Bin Dong, Beijing International Center for Mathematical Research, Peking University
601 Pao Yue-Kong Library
Deep learning continues to dominate machine learning. It is now widely used in many research areas in science and engineering, and has major industrial impacts. Deep learning methods have achieved remarkable results in a variety of tasks, especially in a supervised learning environment. They have surpassed, or as good as, human in Go, playing video games, accurately identifying objects in images and videos, diagnosing certain diseases from medical images, etc.

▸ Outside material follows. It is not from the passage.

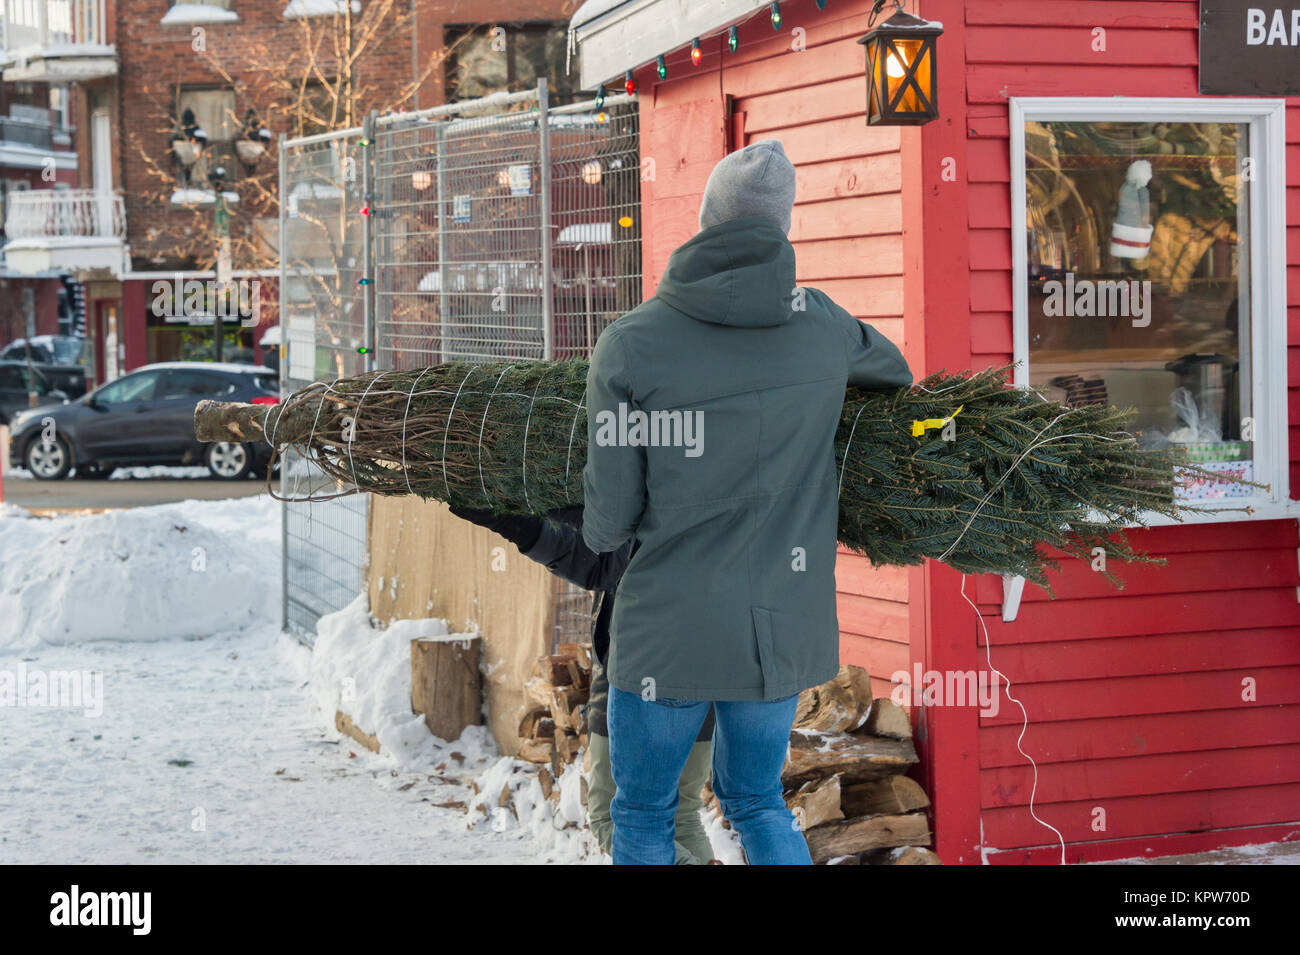 Montréal, Canada - 16 décembre 2017 : un homme porte un arbre de Noël Banque D'Images

In this talk, I will start with a brief review of classical (pre deep learning) image restoration methods, followed by some recent applications of deep learning in image restoration and image analysis. I will present my personal understanding of deep learning in image restoration from the perspective of applied mathematics, which inspired two of our recent work on combining numerical differential equation and deep convolutional architecture design. One is to design transparent deep feed-forward convolutional networks to accurately predict dynamics of complex systems and to uncover the underlying hidden PDE models. The other one is to interpret some of the state-of-the-art deep CNNs, such as ResNet, FractalNet, PolyNet, RevNet, etc., in terms of numerical (stochastic) differential equations; and to propose new deep architectures that can further improve the prediction accuracy of the existing networks in image classification.